Task:
Word for word, set down the lines from the one that contains "Smith & Wesson EDC Belts" through the final line of the data; no pictures belong in the copy.

Exercise data:

■ ■ ■ ■

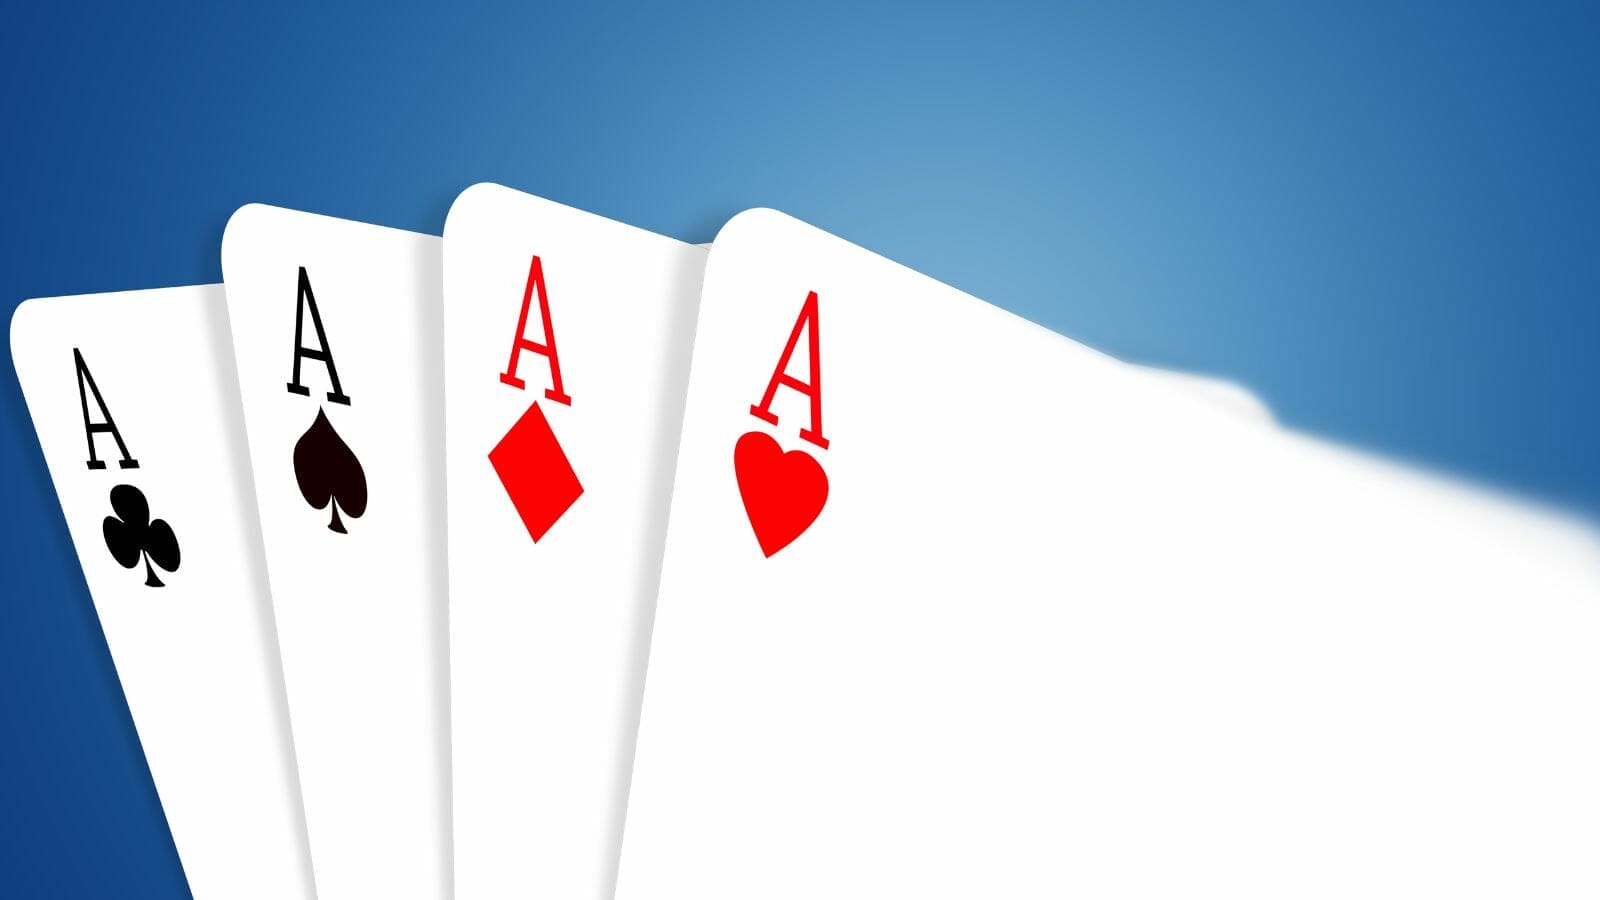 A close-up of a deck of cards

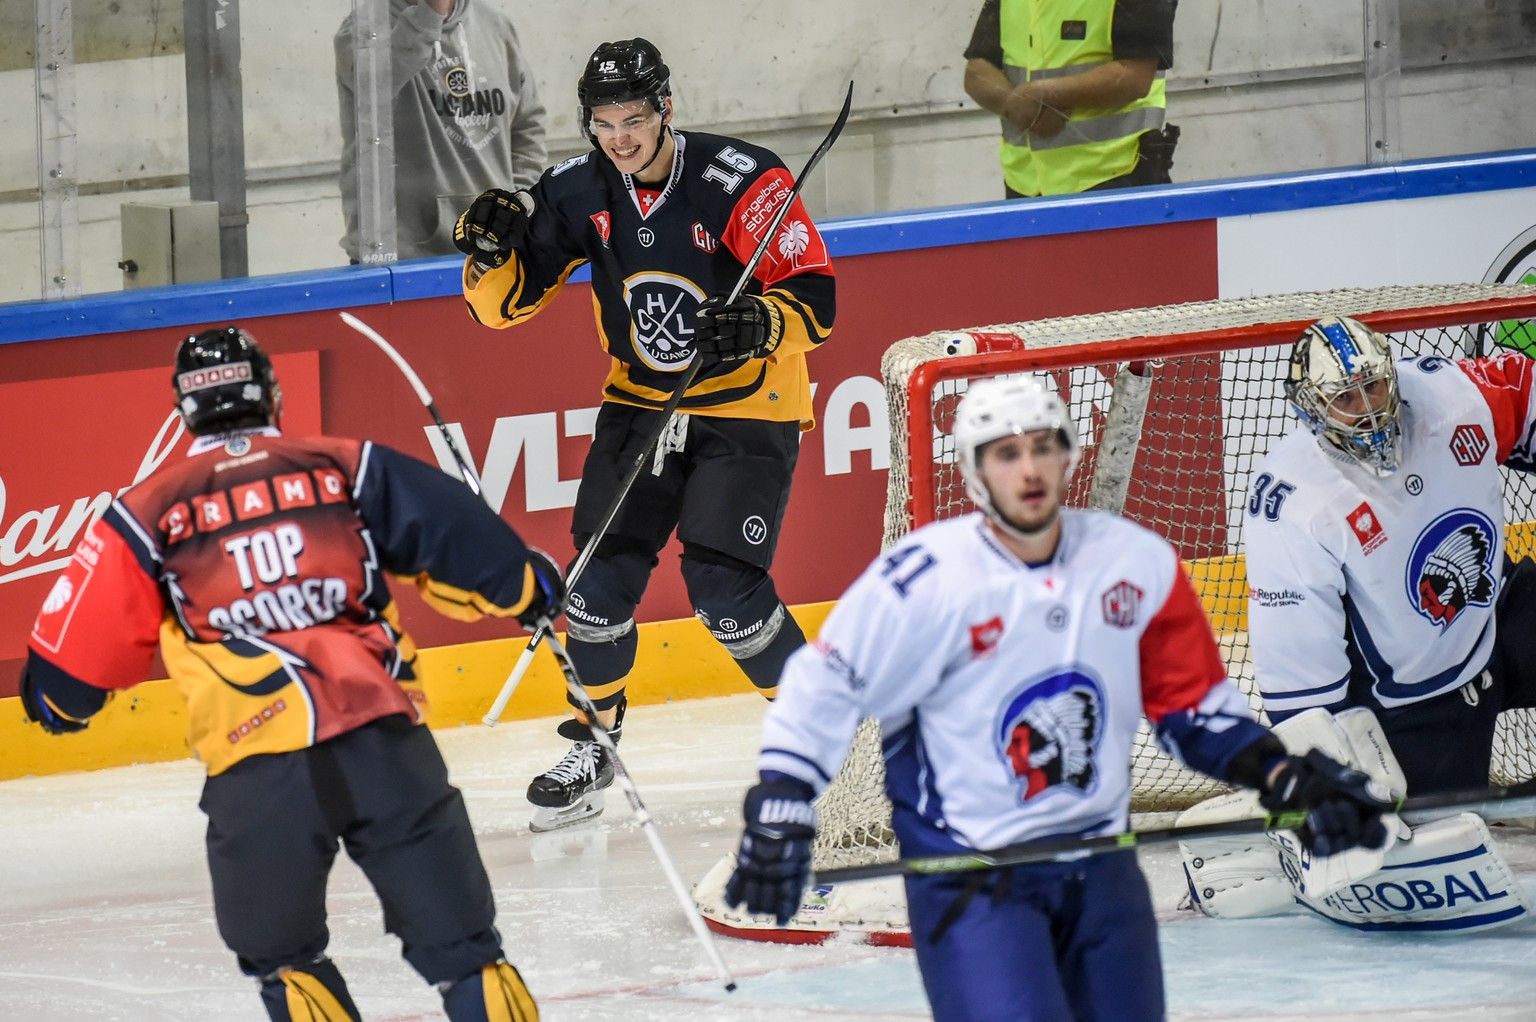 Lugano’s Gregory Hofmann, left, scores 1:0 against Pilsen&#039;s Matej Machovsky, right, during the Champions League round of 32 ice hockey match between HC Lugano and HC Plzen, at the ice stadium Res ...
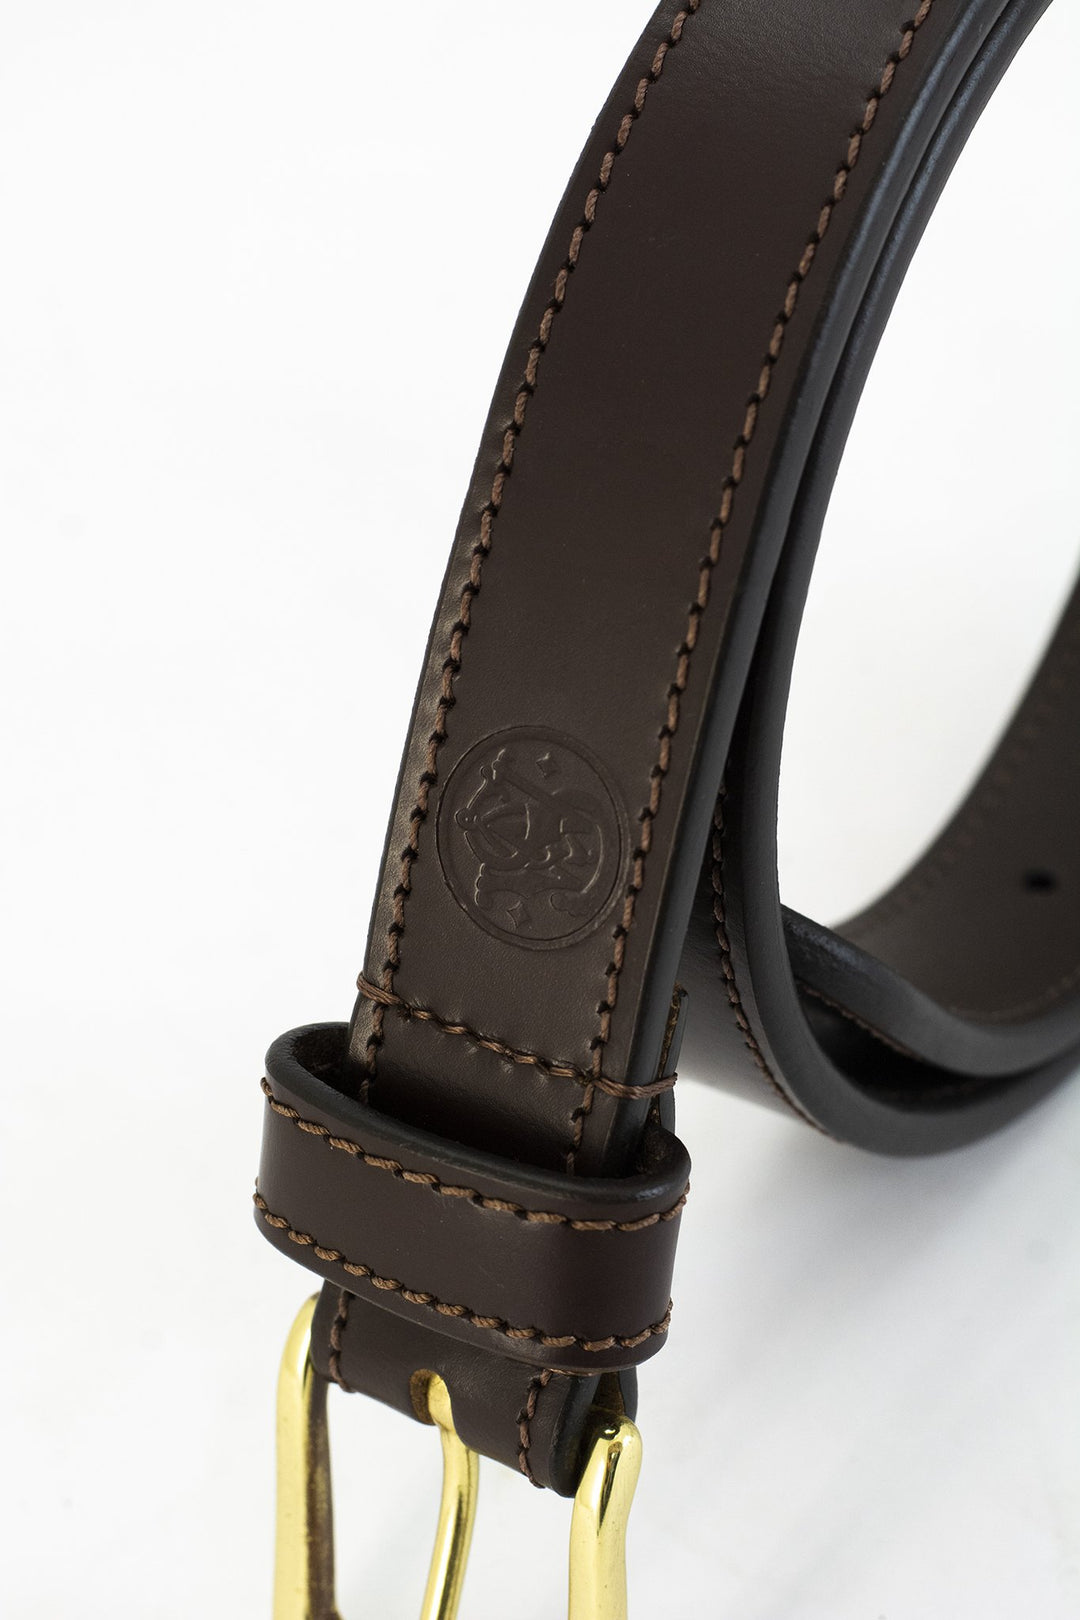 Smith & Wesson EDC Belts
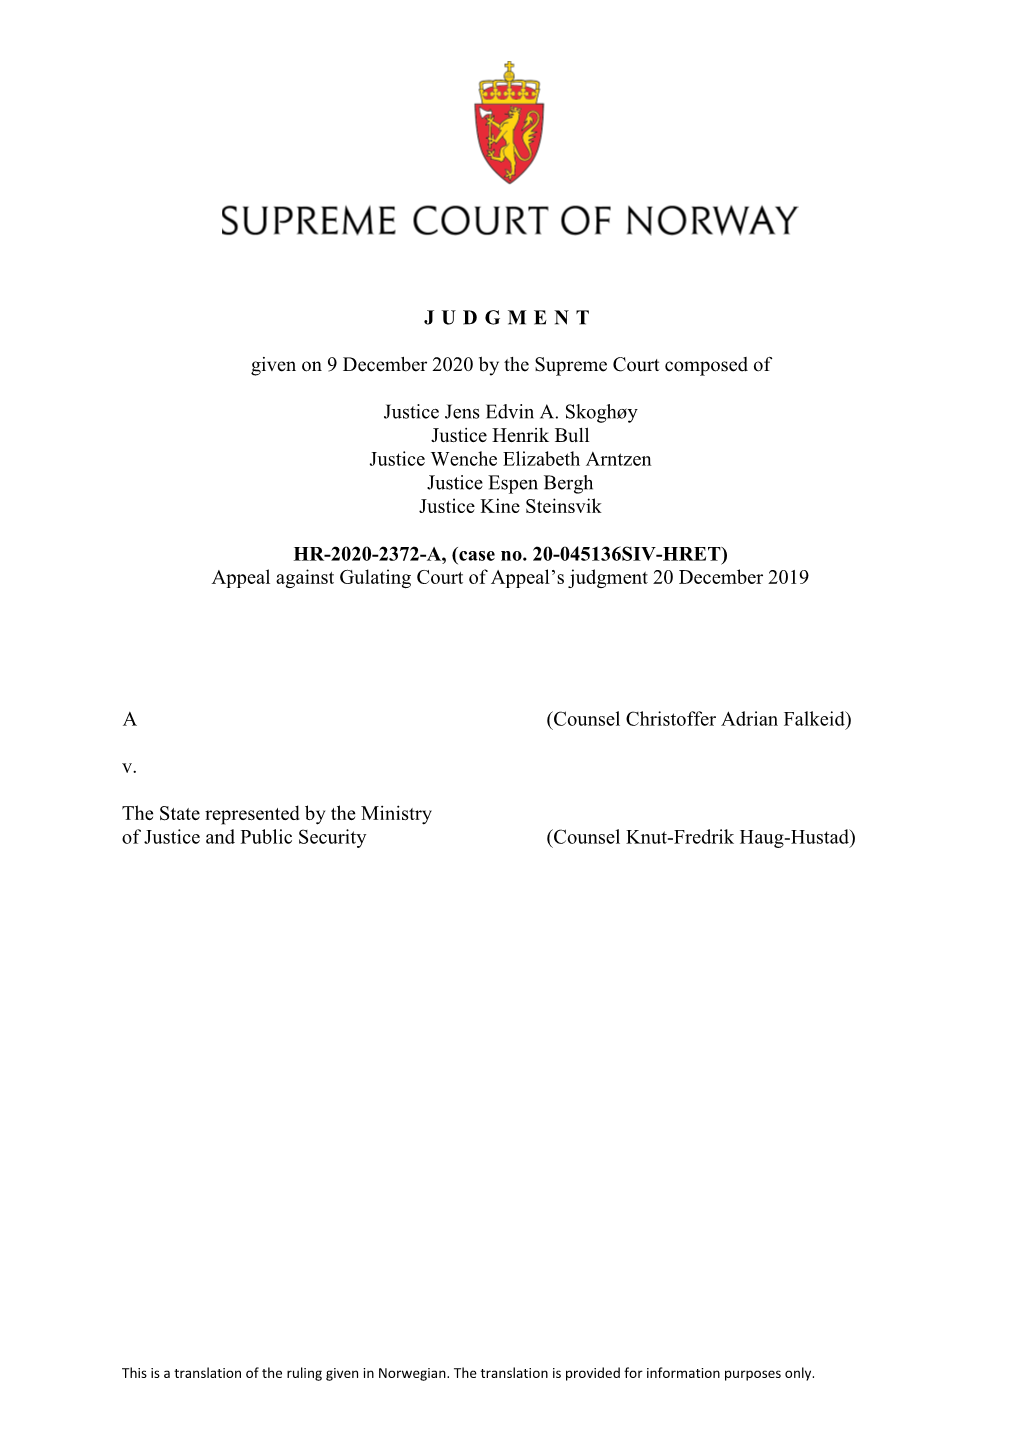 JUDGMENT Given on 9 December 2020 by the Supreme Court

■ ■ ■ ■

Task answer:
 Smith & Wesson EDC Belts
 JUDGMENT Given on 9 December 2020 by the Supreme Court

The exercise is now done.